Abstract Systemic lupus erythematosus (SLE) is a painful, chronic autoimmune disease estimated to affect up to 150/100,000 people with an increased prevalence in young women. It results from disruption in normal immune tolerance mechanisms leading to activation of autoreactive T cells, expansion of autoreactive B cells, circulating autoantibodies and immune complex deposition. Current treatments consist primarily of high dose corticosteroids and immunosuppressive drugs that help to manage symptoms but fail to address the underlying cause and are associated with adverse side effects. Therefore, novel immunotherapeutic interventions are needed. Type I IFNs and the plasmacytoid dendritic cells (pDCs) that secrete them have emerged as key players in the pathogenesis of SLE. Immune cells from most SLE patients are imprinted with a type I IFN gene signature. Therefore, blockade of type I IFNs, their receptors and pDCs are being actively pursued as immunotherapies for SLE and other autoimmune diseases imprinted with IFN signatures. Despite the important immunological functions of pDCs, relatively little is understood about their molecular ‘wiring’ that controls IFN production, which presents a barrier to developing novel pDC-targeted immunotherapies. Herein, we provide evidence that the serine-threonine kinase, Tpl2 (also known as MAP3K8 or COT), is essential for TLR-induced type I IFN production by pDCs in vivo. The objective of this application is to understand how Tpl2 is uniquely required by pDCs for nucleic acid- induced IFN production and to determine whether Tpl2 expression in pDCs influences SLE pathogenesis. This will be examined in two Aims. Aim 1 will combine ex vivo biochemical analysis of primary murine pDCs with unbiased phosphoproteomics approaches to delineate the biochemical mechanisms by which Tpl2 promotes type I IFN production in pDCs. Aim 2 will use an innovative mixed bone marrow chimera approach to determine the contribution of Tpl2 expression within pDCs to SLE development a murine model. The expected outcome of the proposed studies is a better understanding of the molecular mechanism(s) governing pDC nucleic acid sensing and IFN production. This information will facilitate novel immunotherapeutic approaches to modulate IFNs and/or pDCs for treating SLE and possibly other human interferonopathies.

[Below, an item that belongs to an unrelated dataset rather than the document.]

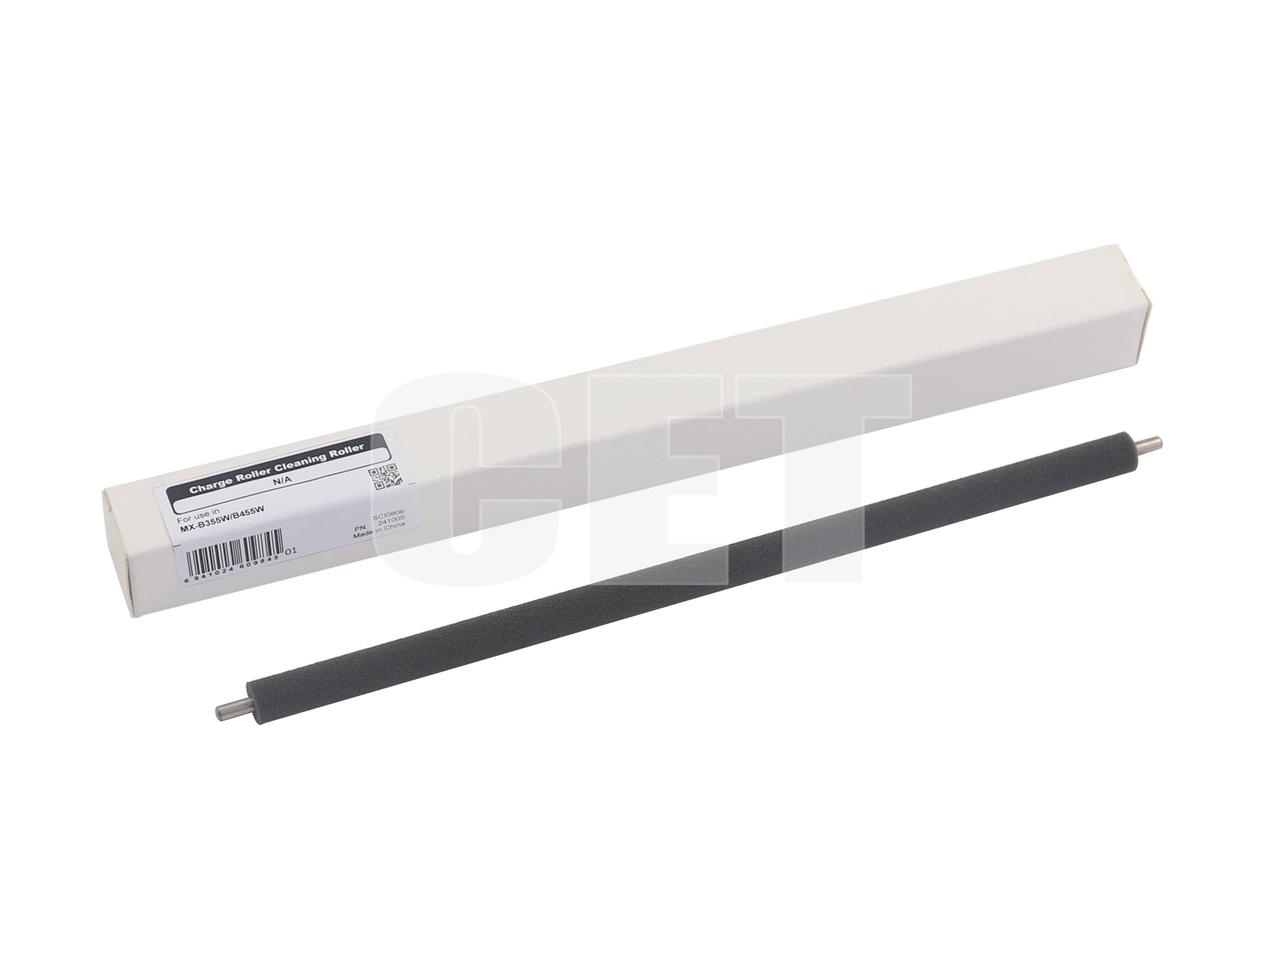 Ролик очистки ролика заряда для SHARP MX-B355W/455W(CET), CET241005

抽象的 系统性红斑狼疮 (SLE) 是一种痛苦的慢性自身免疫性疾病，估计会影响最多 150/100,000 人中年轻女性的患病率增加是由于正常免疫系统受到破坏所致。 耐受机制导致自身反应性 T 细胞激活、自身反应性 B 细胞扩增、循环 自身抗体和免疫复合物沉积目前的治疗主要包括高剂量皮质类固醇。 和免疫抑制药物有助于控制症状，但无法解决根本原因， 因此，需要新型免疫治疗干预措施。 分泌它们的浆细胞样树突状细胞 (pDC) 已成为发病机制中的关键角色 大多数 SLE 患者的免疫细胞都带有 I 型 IFN 基因特征，因此需要阻断。 I 型 IFN、其受体和 pDC 正在积极寻求作为 SLE 和其他疾病的免疫疗法 尽管 pDC 具有重要的免疫功能，但自身免疫性疾病仍带有 IFN 特征。 人们对它们控制干扰素产生的分子“线路”知之甚少，这构成了障碍 在此，我们提供了丝氨酸-苏氨酸的证据。 Tpl2（也称为 MAP3K8 或 COT）对于 TLR 诱导 pDC 产生 I 型 IFN 至关重要 该应用的目的是了解 pDC 对核酸的独特需求。 诱导 IFN 产生并确定 pDC 中 Tpl2 的表达是否影响 SLE 发病机制。 将在两个目标中进行检查 目标 1 将结合原代小鼠 pDC 的离体生化分析。 无偏见的磷酸化蛋白质组学方法来描绘 Tpl2 促进的生化机制 Aim 2 将使用创新的混合骨髓嵌合体方法来确定 pDC 中 I 型干扰素的产生。 pDC 内 Tpl2 表达对 SLE 小鼠模型发展的贡献 的预期结果。 拟议的研究是为了更好地理解控制 pDC 核酸的分子机制 这些信息将促进新的免疫治疗方法的调节。 用于治疗 SLE 和可能的其他人类干扰素病的 IFN 和/或 pDC。